Por otro lado, no debemos esperar llegar a la vejez para buscar y mantener en todo nuestro ser el equilibrio. Este podemos fortalecerlo en nuestro tiempo libre, aclarando nuestra mente para pensar el bien; sanando nuestro corazón para sentir el bien; y ejercitando nuestro cuerpo para no padecer más adelante, esos problemas en articulaciones, huesos, miembros inferiores y espalda, propios de la senectud, entre otros. Para esto que mejor que practicar estiramientos y ejercicios de tonificación, con los cuales es posible neutralizar desde ya, aquellos malestares visibles que trae la “sejuela” (“Se jue la Juventud”). Además, estos ejercicios liberan esos bloqueos ocasionados por las malas posturas corporales y hasta faciales, con las que andamos muchos sin darnos cuenta.

El verdadero “rico” no es aquel que más posee, sino aquel que poco necesita

Aún sí somos unos importantes ejecutivos, destinemos siempre un muy valioso tiempo para nosotros. Podemos empezar con éstos sencillos ejercicios: Primero, prestemos aquí y ahora, total atención a la actividad que estamos realizando y así, estaremos mejorando nuestra productividad mental ya que esto aumenta a la vez nuestros niveles de concentración. Luego, realicemos una “meditación activa”. Esta consiste en sentarnos simplemente a respirar de manera conciente y conectada, cerrando los ojos en nuestro escritorio y relajando los músculos, hasta lograr empezar a respirar cinco veces seguidas, mediante una inhalación fuerte y una exhalación suave. Después de esto nos sentiremos más frescos y dispuestos a continuar con nuestra rutina laboral. También tengamos muy en cuenta la Gimnasia Cerebral.

La vida no se nos puede ir sólo en hacer informes, asistir a reuniones, tomar aviones y ganar propuestas. Es también tomar conciencia del ciclo que estamos viviendo, pues lo que más pesa en nuestra calidad de vida no se compra con ningún dinero, eso está en las cosas mas sencillas, como lo es el descubrir con intensidad el atardecer de vez en cuando; el afianzar incluso nuestra capacidad de adaptación hacia los cambios, aceptando que para aquel tiempo, ya no seremos los ejecutivos de hoy, y con suerte tendremos nuevos roles, igual de desafiantes y excitantes, tanto en nuestro circulo social como familiar. Es para esto muy significativo que desde ahora busquemos la manera de trabajar en lo que más nos gusta, con el fin de hallarnos colmados de aptitudes, conocimientos y experiencias con las cuales continuemos aportándole a la sociedad y a sus individuos desde nuestra propia vejez.

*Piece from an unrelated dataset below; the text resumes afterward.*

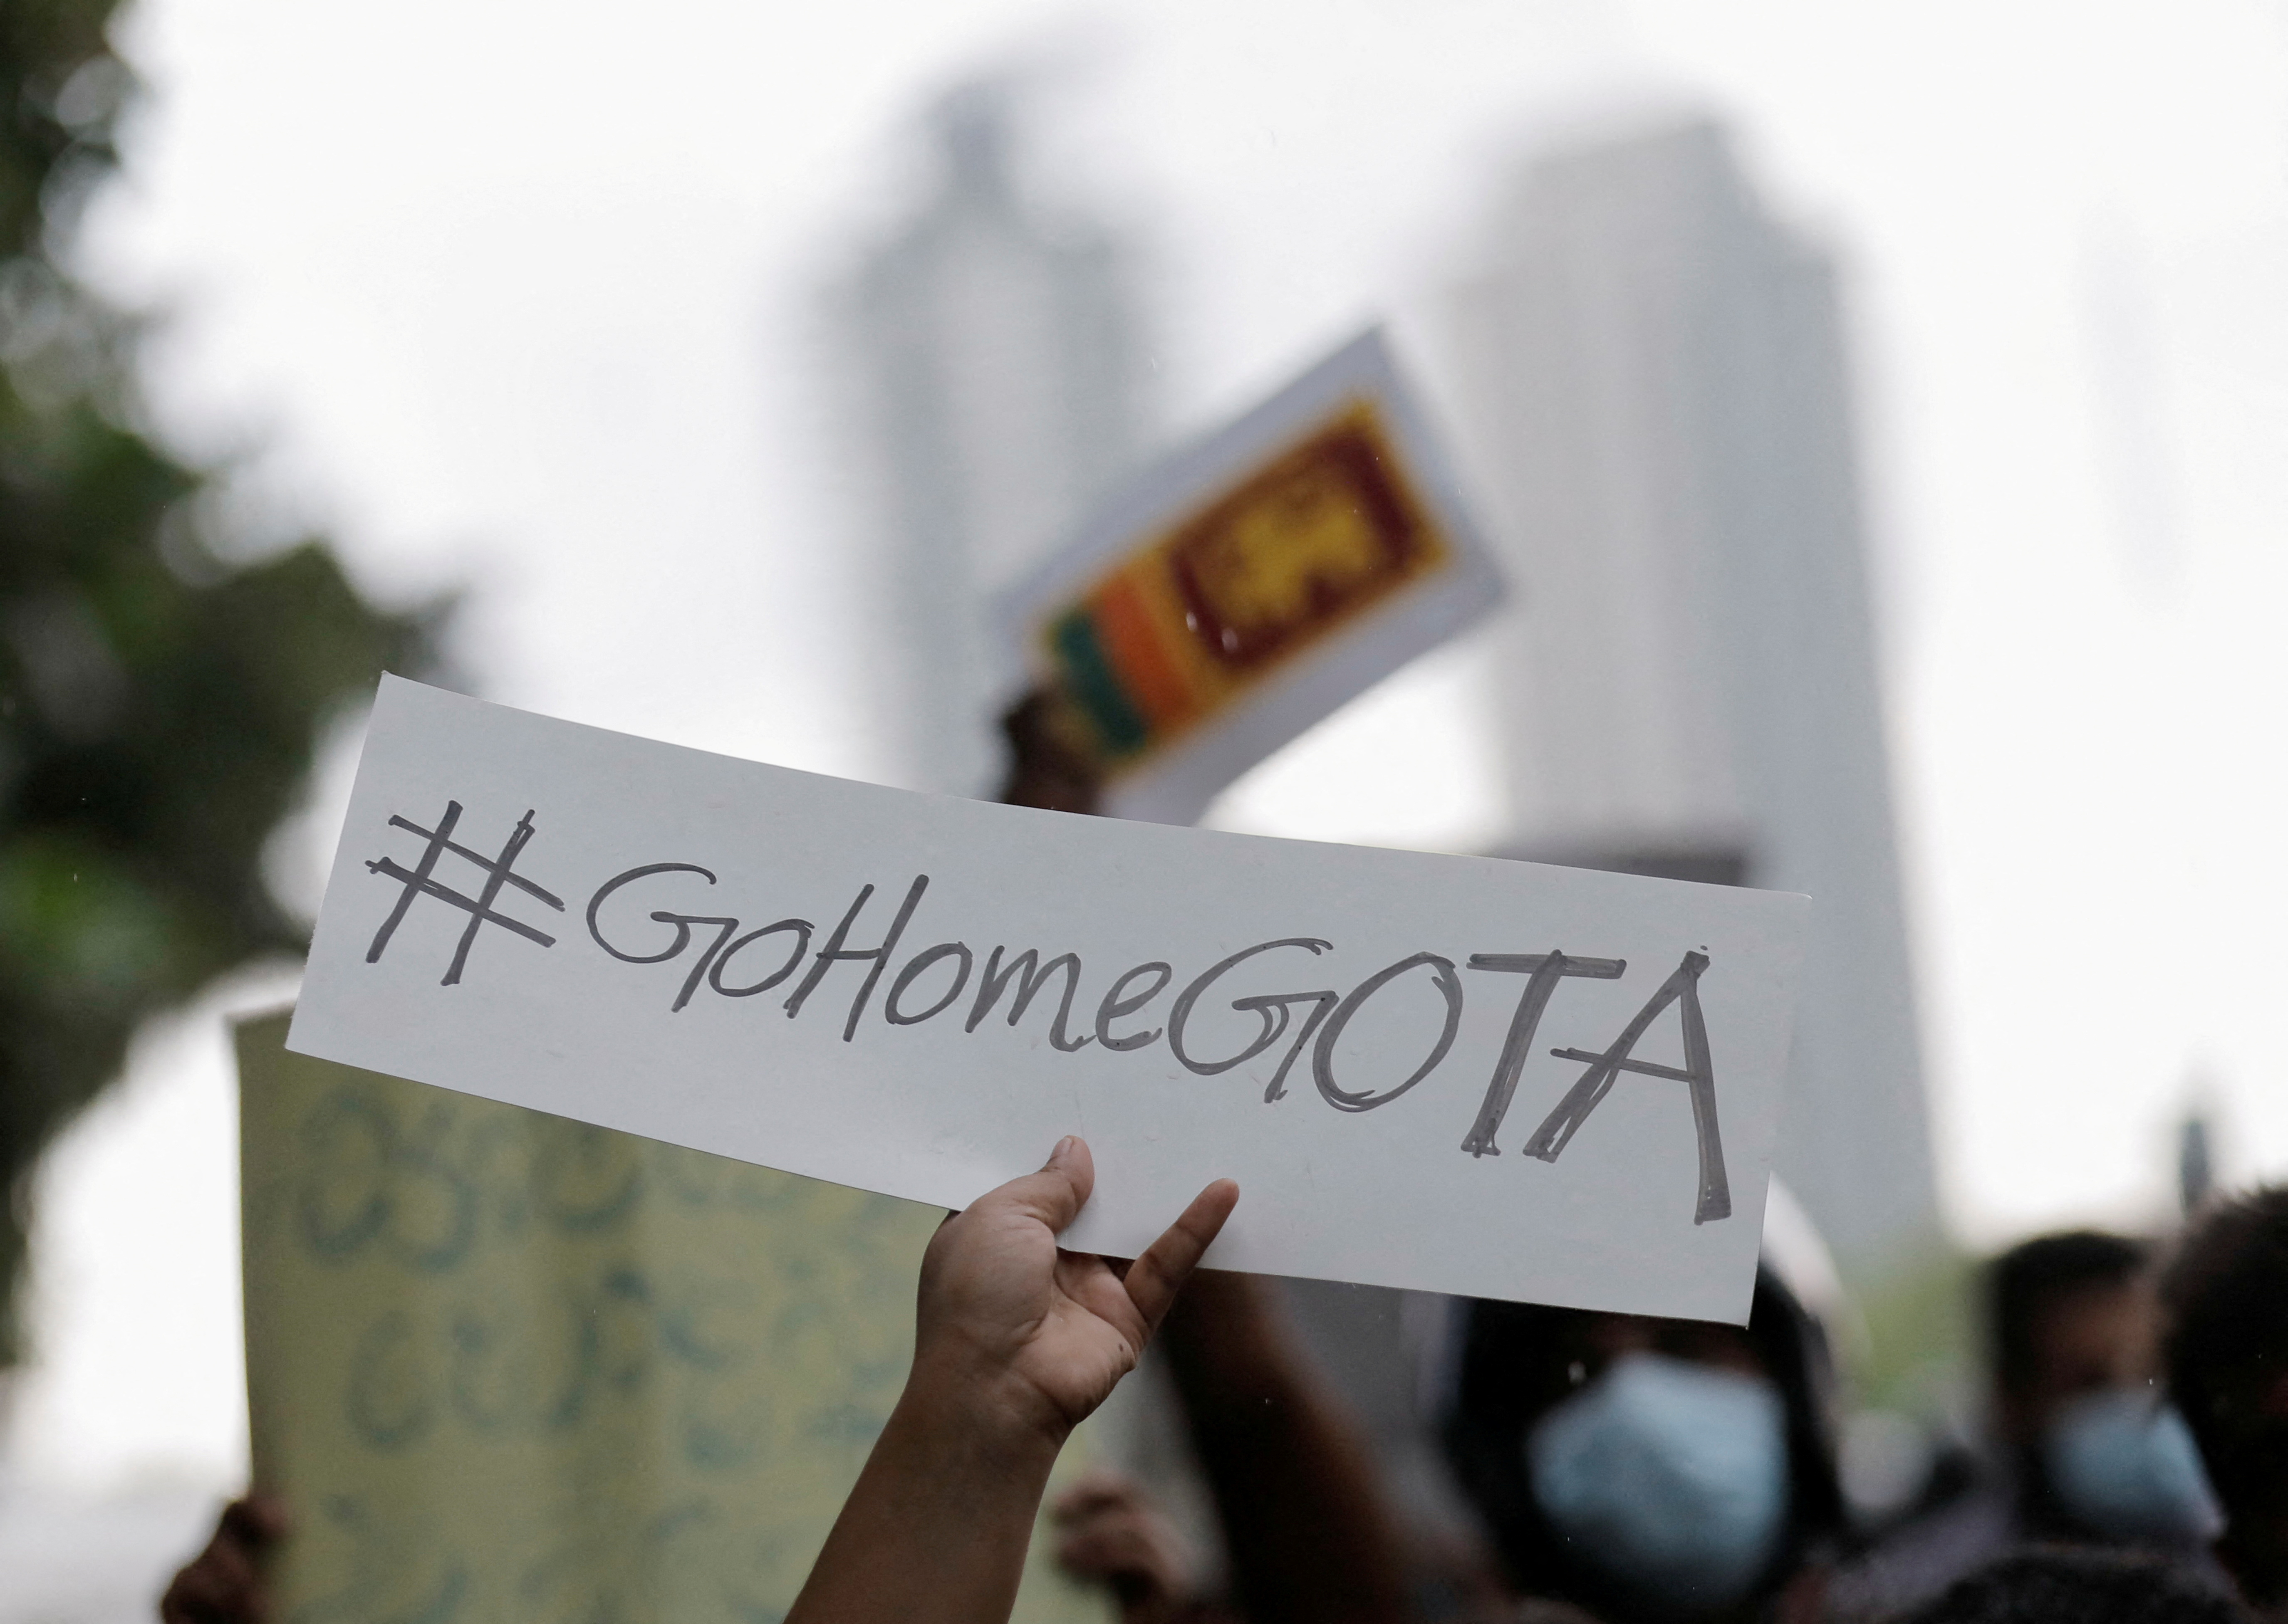 Protest seeking resignation of Sri Lankan President Gotabaya enters 50th day; organisers to intensify agitation

Preservemos y cultivemos nuestras habilidades, gustos y talentos, para ser admirados y respetados por éstos y principalmente, por lo que somos. Recordemos como en Oriente las personas mayores son valoradísimas sobre la base de este principio. A la sazón de esto, no dejemos nunca de ser personas “autónomas” capaces de decidir, soñar, pensar y actuar bajo nuestro propio criterio, pues este es el principal componente de una vejez funcional.